# Компьютерные технологии > Железо (hardware) > Общие вопросы >  мониторинг компьютера

## Duran200

Возможно ли наблюдать за температурой процессора, чипсетов и скоростью вентиляторов если не стоят родные драйвера на материнскую плату при загруженной ОС? У меня мать intel DQ965GF на неё нет драйверов на Windows 7. Я поставил на звук, сеть и др. драйвера отдельно. Всё работает отлично. Но проблема в том, что при установке различных мониторинговых программ они не работают, даже специальная интеловская прога.

----------


## Cheechako

Что-то не так: 


> ...специальная интеловская...


 может и не работать, но другие (некоторые, как минимум) должны :)

----------


## Duran200

устанавливал speedfan, пишет "INFO : NO SUPPORTED CHIP DETECTED", HWMonitor выдает только одну температуру винчестера, MBM5 корректно не запустился. Ставил парачку других тоже не работает.

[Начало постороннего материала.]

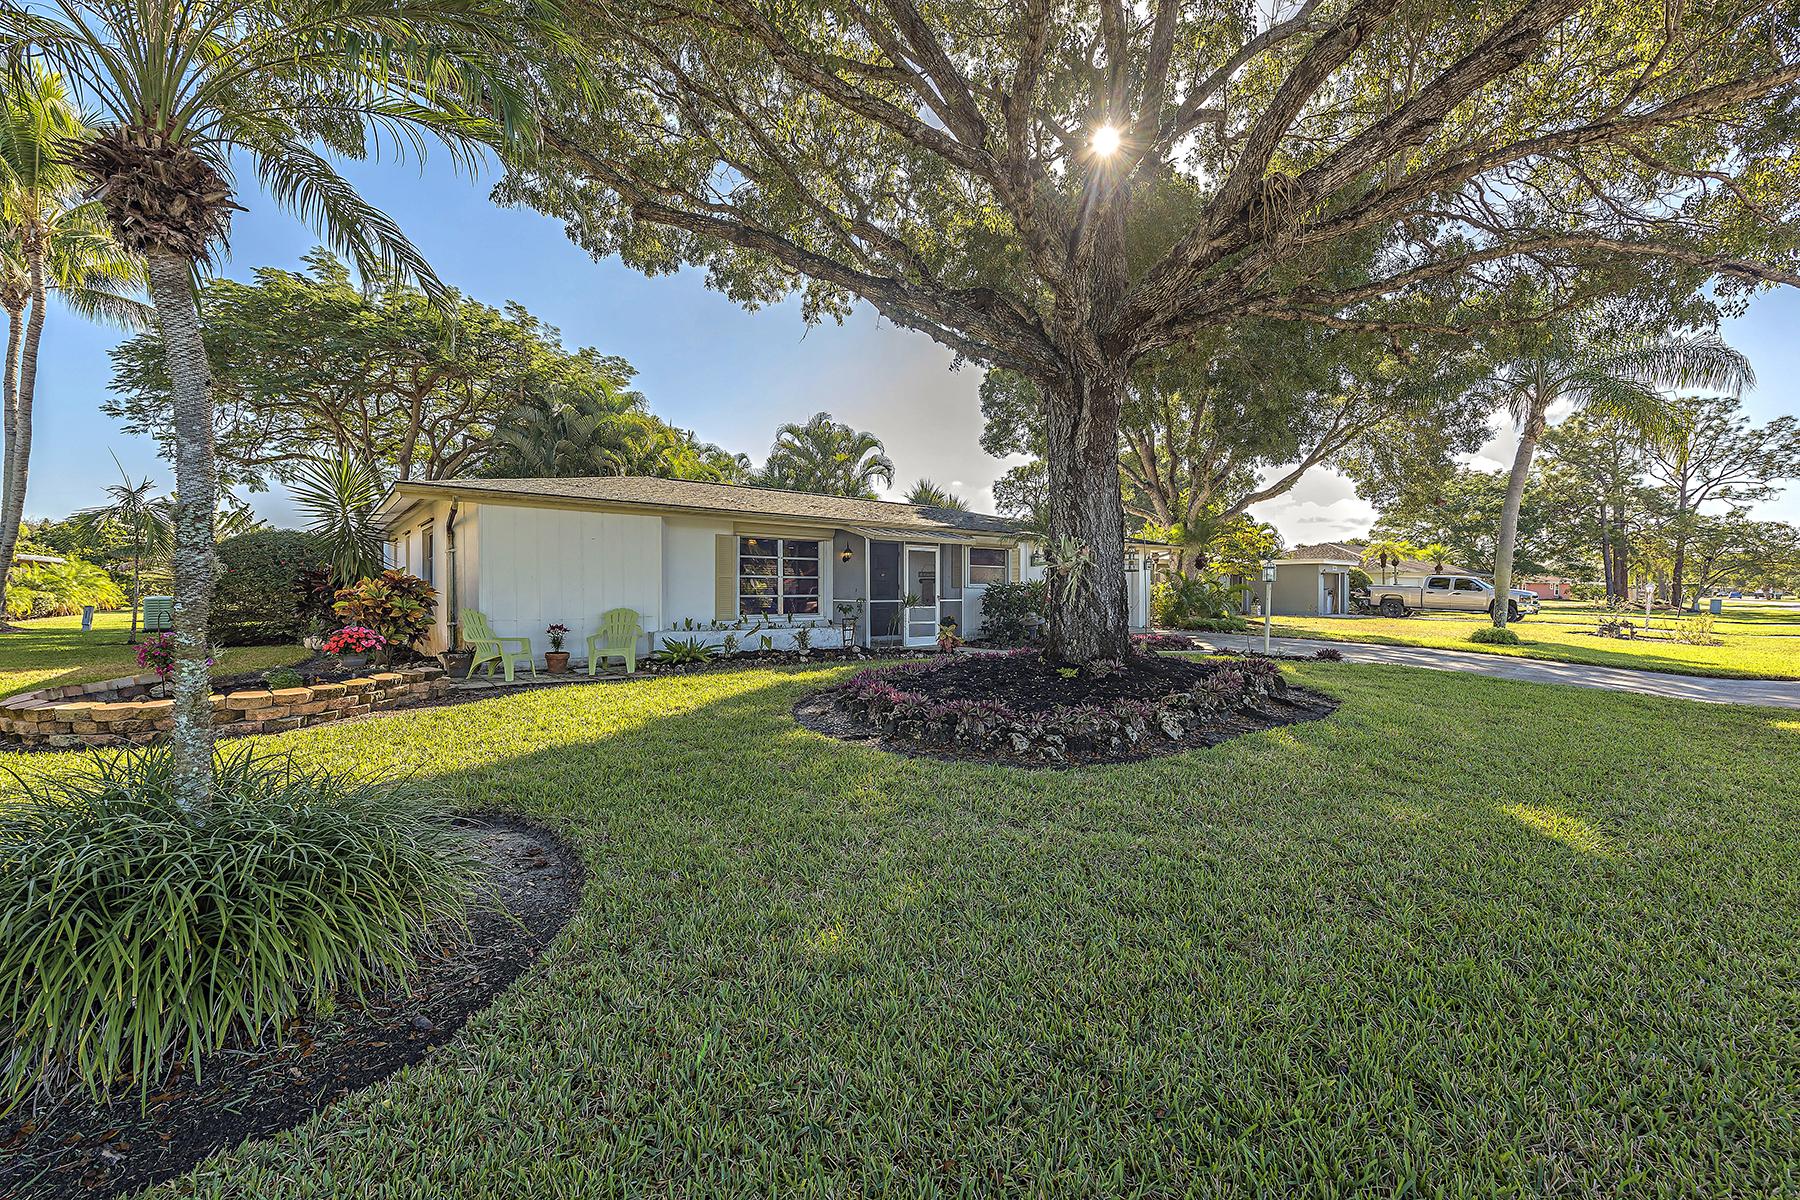 Частный односемейный дом для того Продажа на 4805 Hawaii Blvd , Naples, FL 34112 4805 Hawaii Blvd Naples, Флорида, 34112 Соединенные Штаты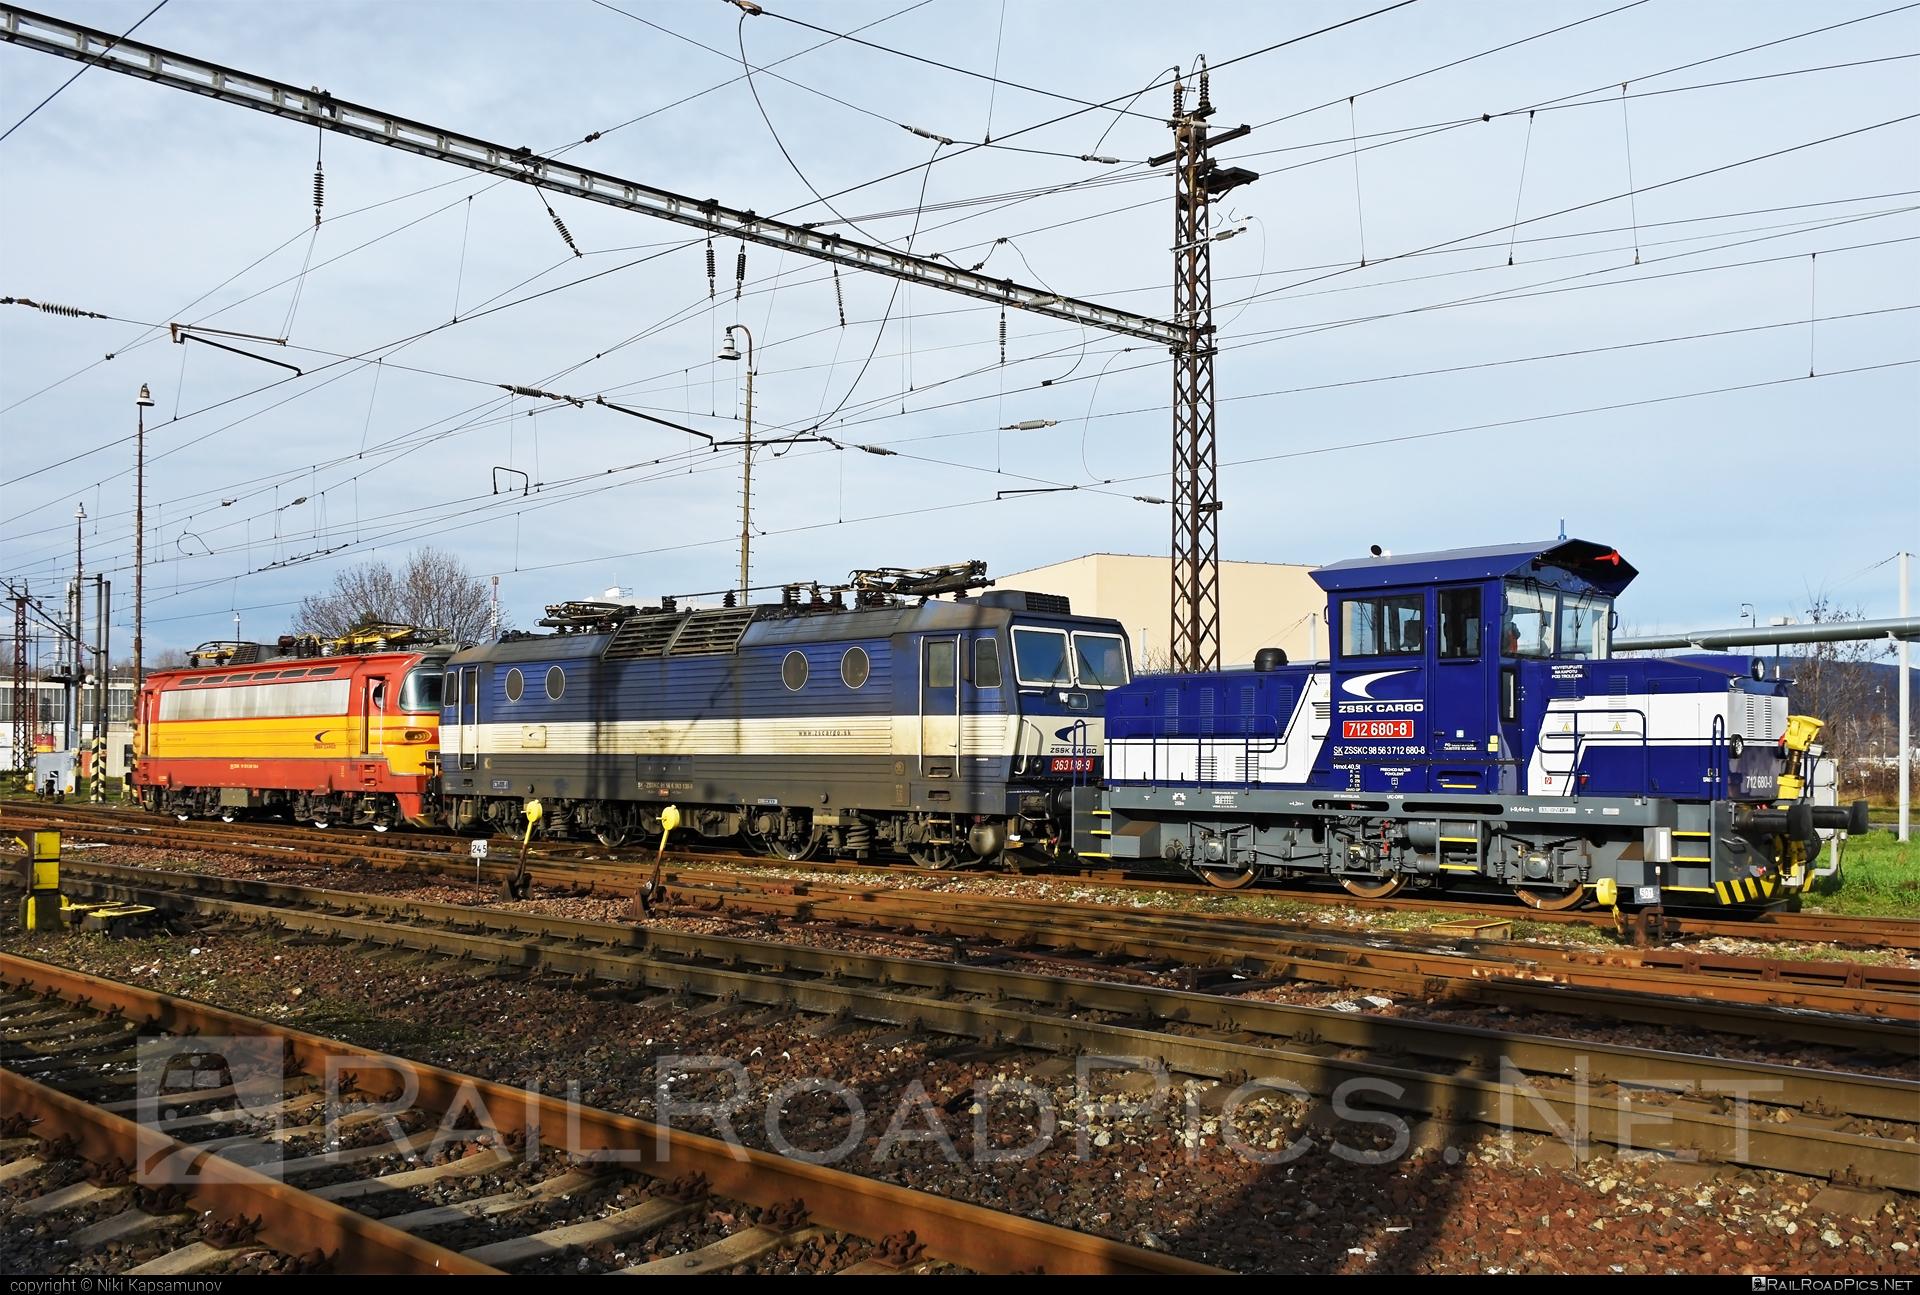 ŽOS Zvolen Class 712 - 712 680-8 operated by Železničná Spoločnost' Cargo Slovakia a.s. #ZeleznicnaSpolocnostCargoSlovakia #locomotive712 #zoszvolen #zoszvolen712 #zsskcargo

_Добавлено через 5 минут 50 секунд_
Может специальная программа мониторинга под Windows 7?

----------


## Cheechako

Похоже, если верить http://lists.lm-sensors.org/pipermai...er/021920.html, данный чипсет действительно ничем не поддерживается (кроме, м.б., Intel'я).
Интересный случай  :(

----------


## Duran200

Спосибо за информацию. Может попробую поставить linux, я посмотрел драва есть. На нем поставить мониторинговую прогу, и тогда по возможности разогнать комп. 
А 7 и XP поставить VMware-ом.

----------